Restate the listing below word for word, omitting any images.
--- Raw data ---
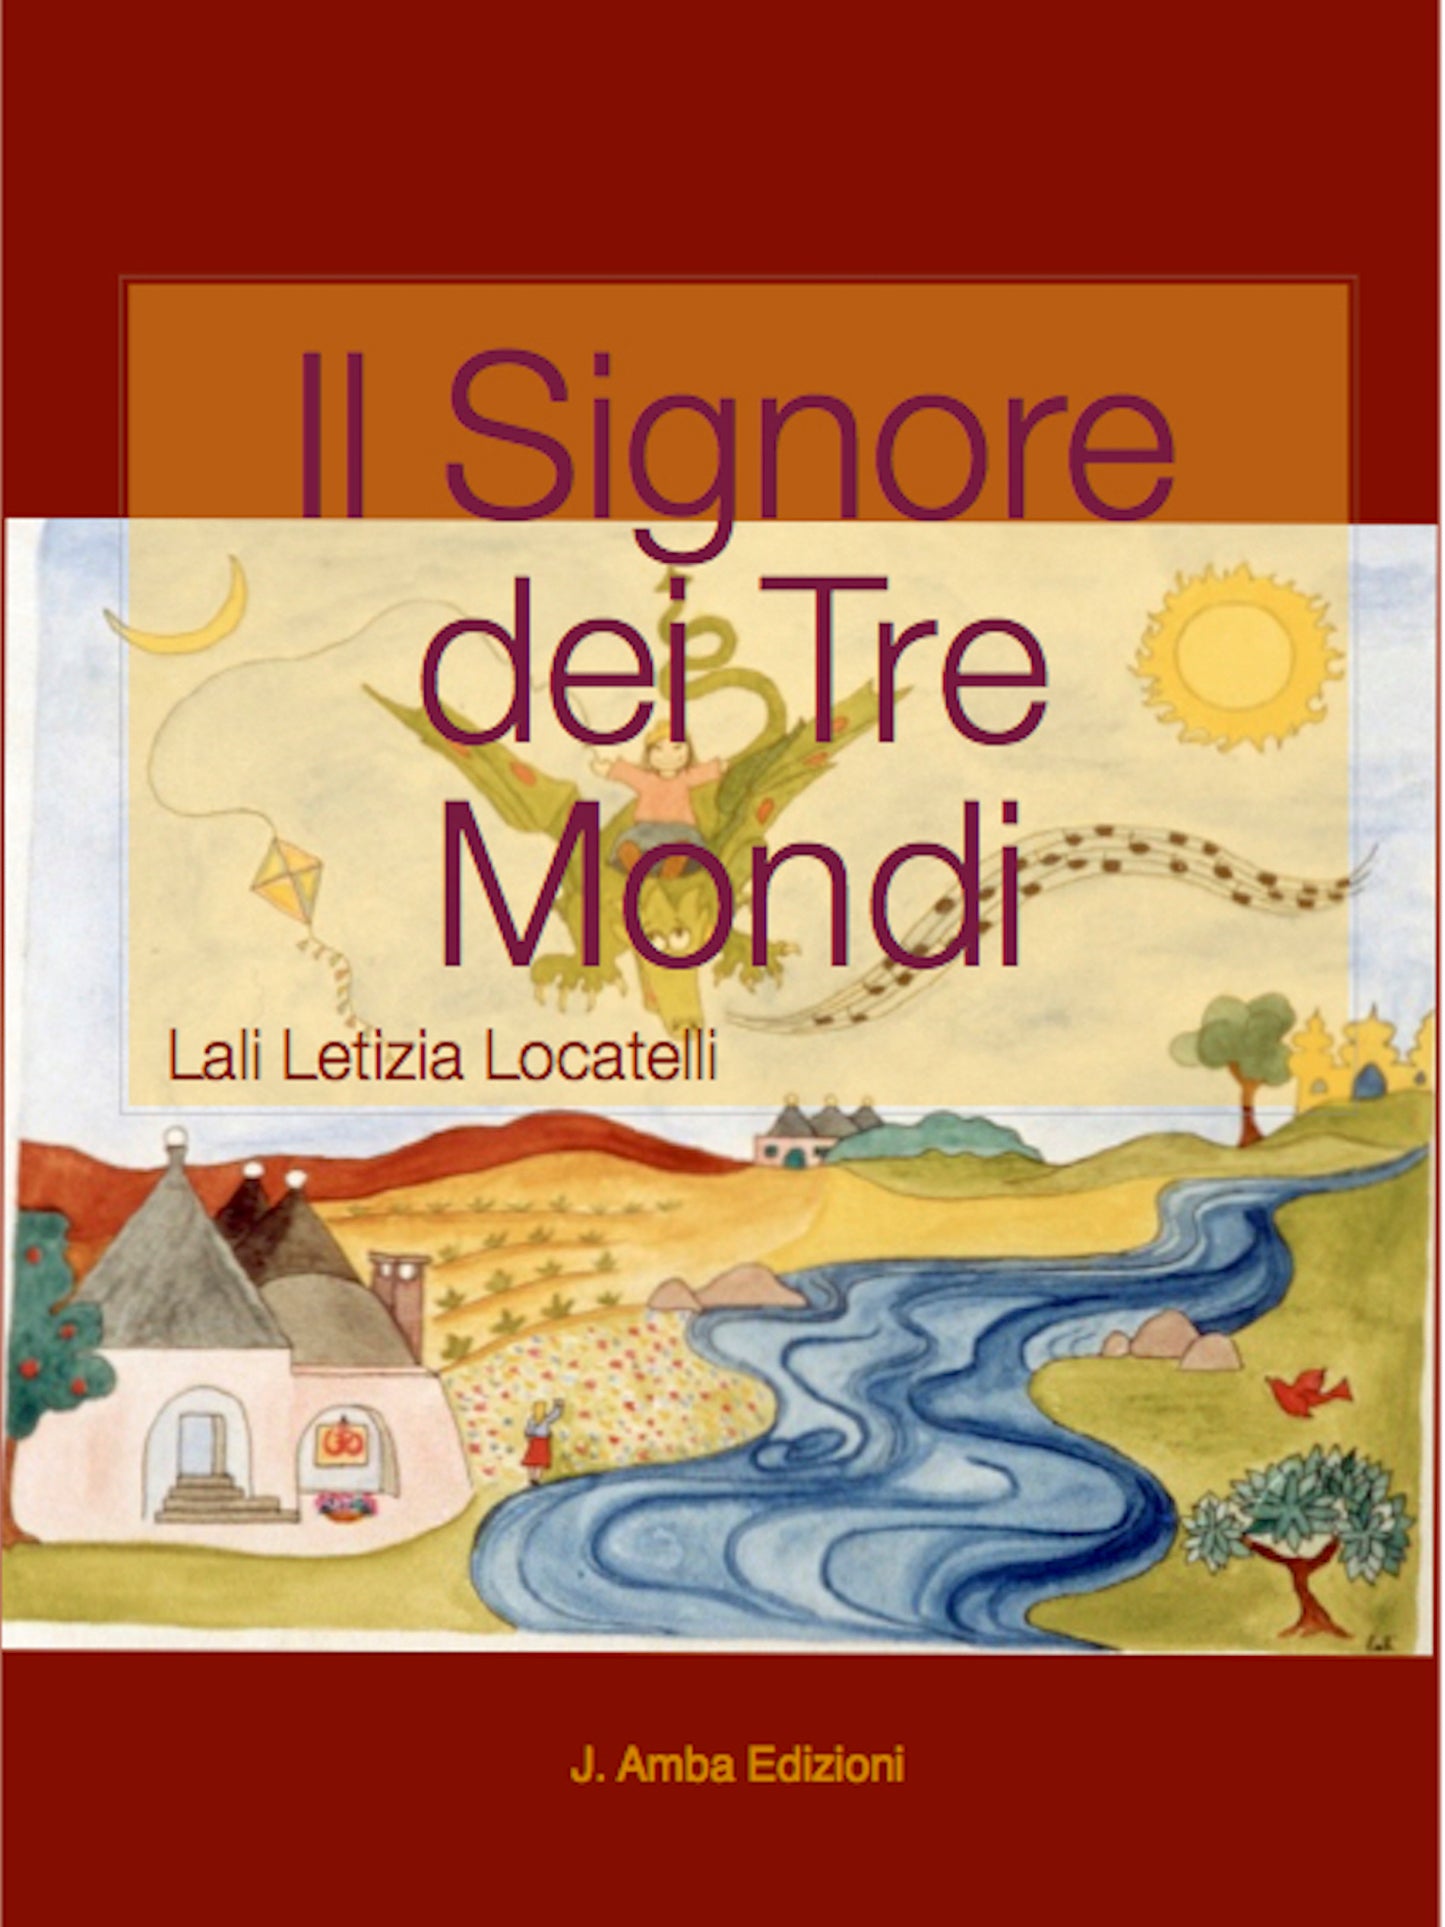 The Lord of the Three Worlds - Il Signore dei Tre Mondi - Hindu Sanatan Dharma Spirituality Children Book Fairy Tale by Lali Letizia Locatelli
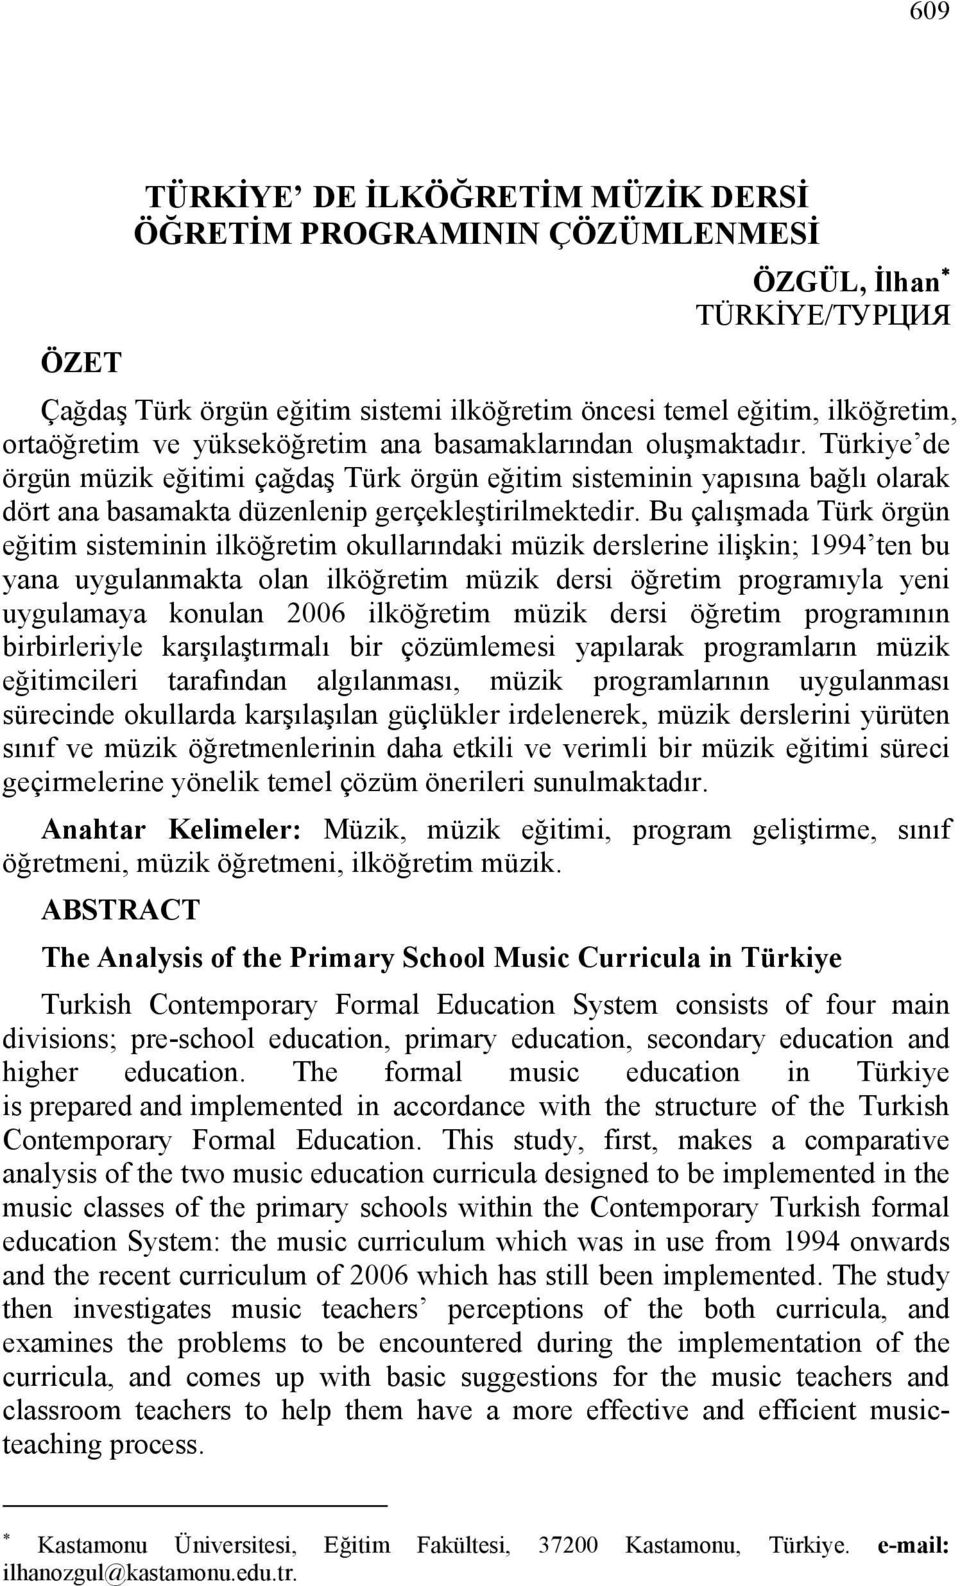 Bu çalışmada Türk örgün eğitim sisteminin ilköğretim okullarındaki müzik derslerine ilişkin; 1994 ten bu yana uygulanmakta olan ilköğretim müzik dersi öğretim programıyla yeni uygulamaya konulan 2006
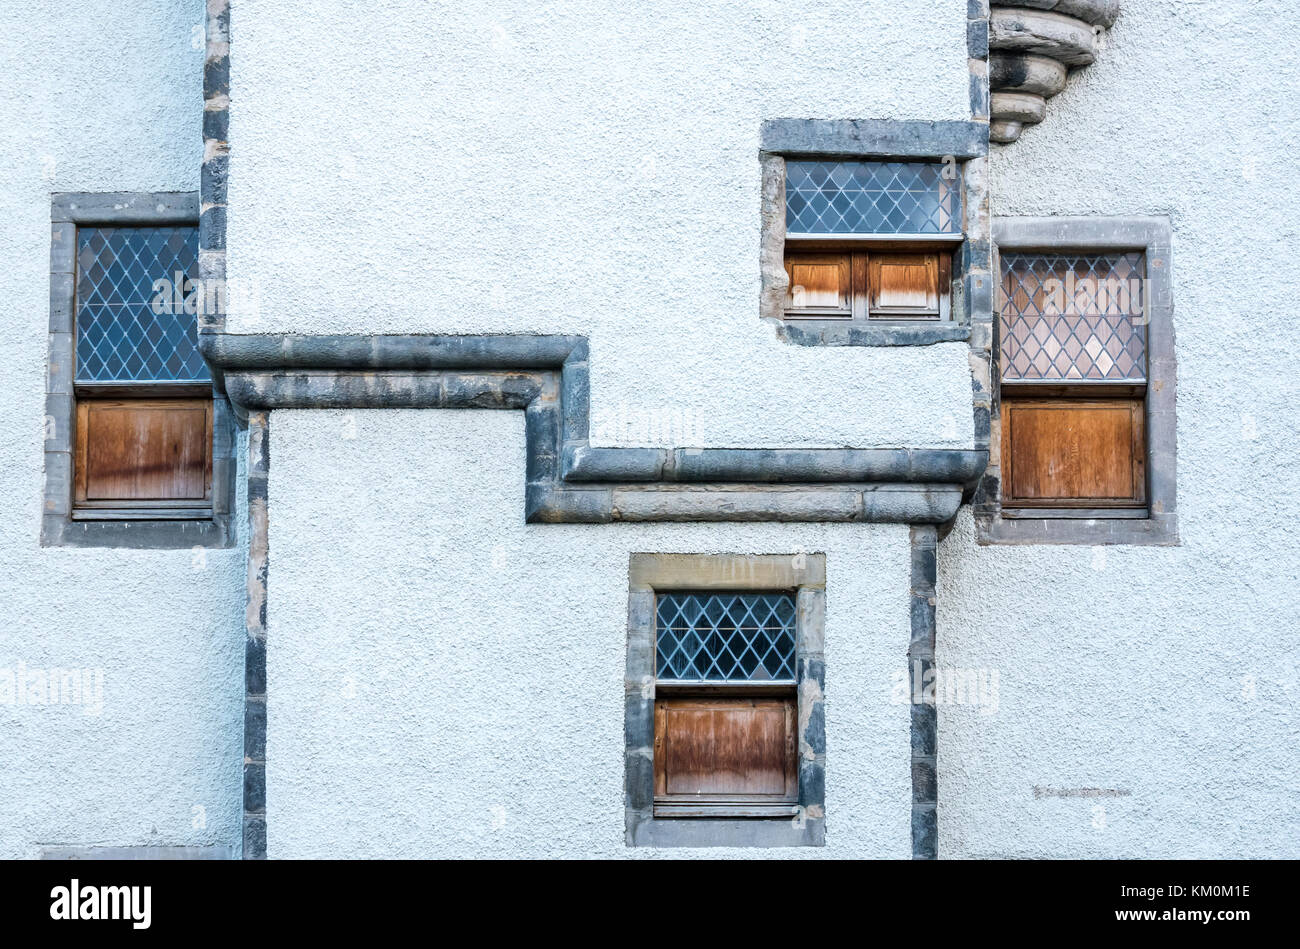 Schrullige Gitter Fenster mit Fensterläden, 17. Jahrhundert hanseatisches Handelshaus, Lämmer Haus, Leith, Edinburgh, Schottland, Großbritannien, Kategorie ein denkmalgeschütztes Gebäude Stockfoto
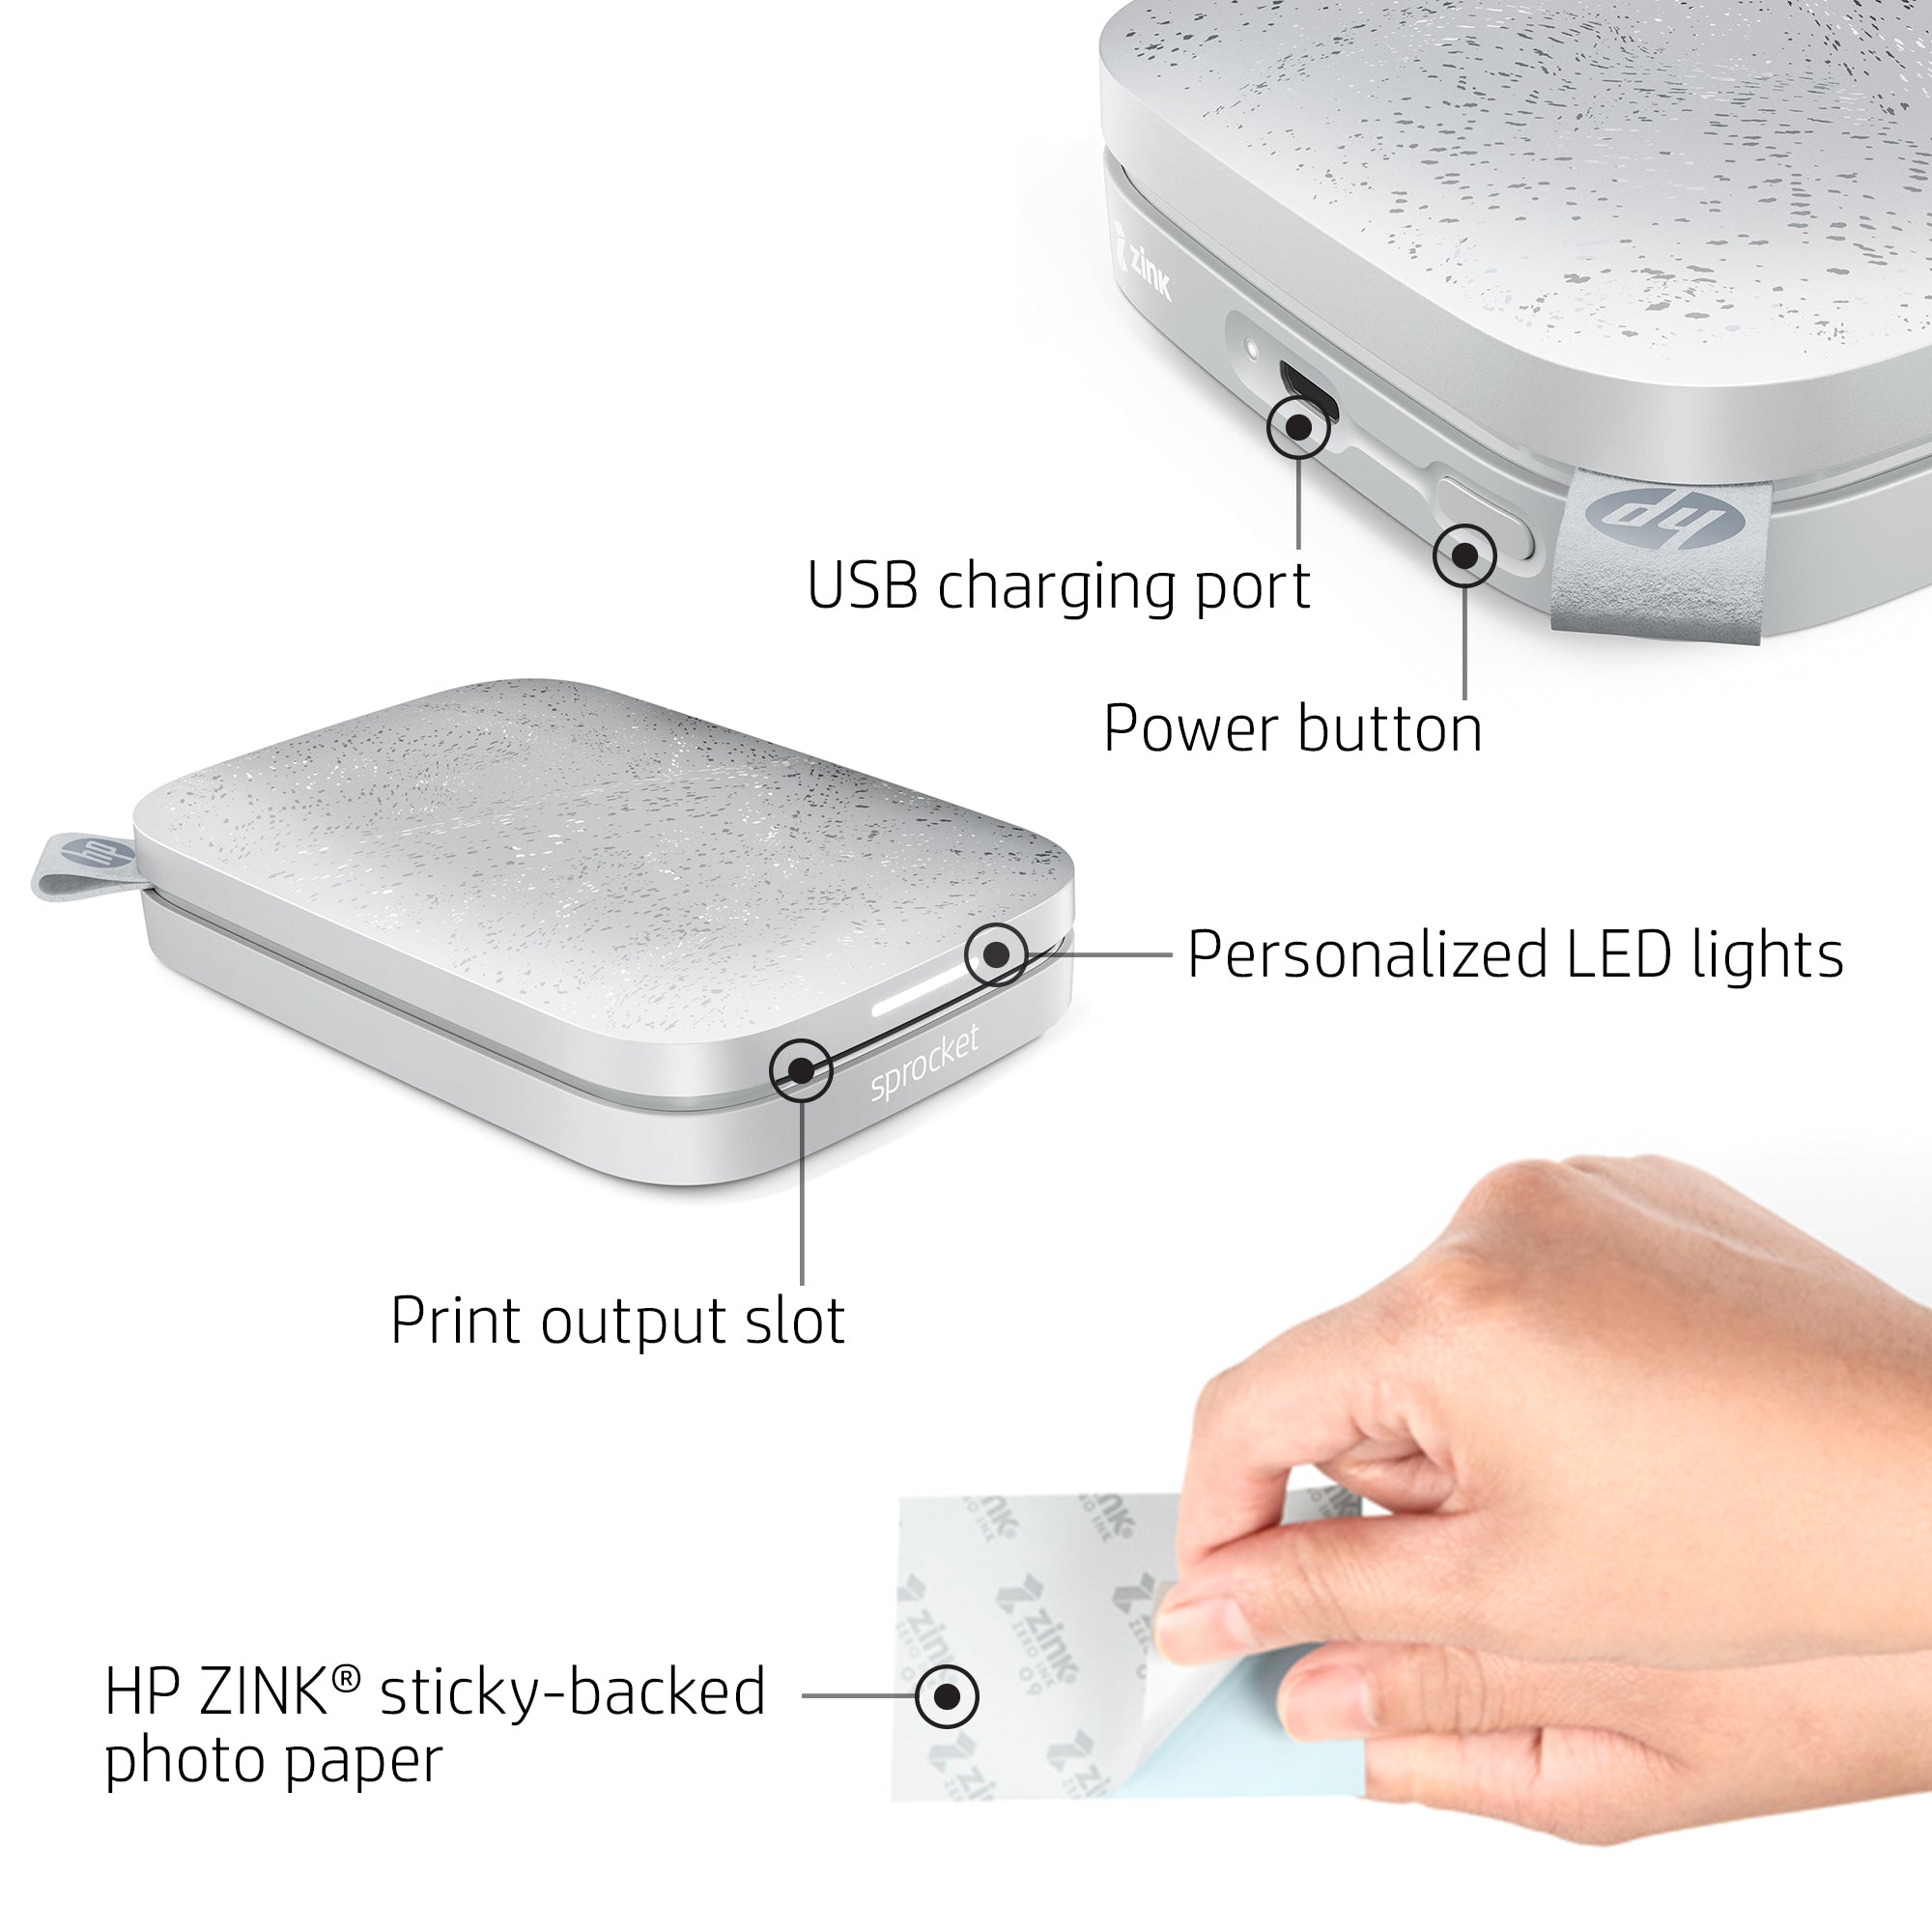 Imprimante photo instantanée portable HP Sprocket - 2 x 3 lilas
---
• Finished task:
 The Lord of the Three Worlds - Il Signore dei Tre Mondi - Hindu Sanatan Dharma Spirituality Children Book Fairy Tale by Lali Letizia Locatelli
 Bu çalışmada Türk örgün eğitim sisteminin ilköğretim okullarındaki müzik derslerine ilişkin; 1994 ten bu yana uygulanmakta olan ilköğretim müzik dersi öğretim programıyla yeni uygulamaya konulan 2006
 Schrullige Gitter Fenster mit Fensterläden, 17. Jahrhundert hanseatisches Handelshaus, Lämmer Haus, Leith, Edinburgh, Schottland, Großbritannien, Kategorie ein denkmalgeschütztes Gebäude Stockfoto
 Imprimante photo instantanée portable HP Sprocket - 2 x 3 lilas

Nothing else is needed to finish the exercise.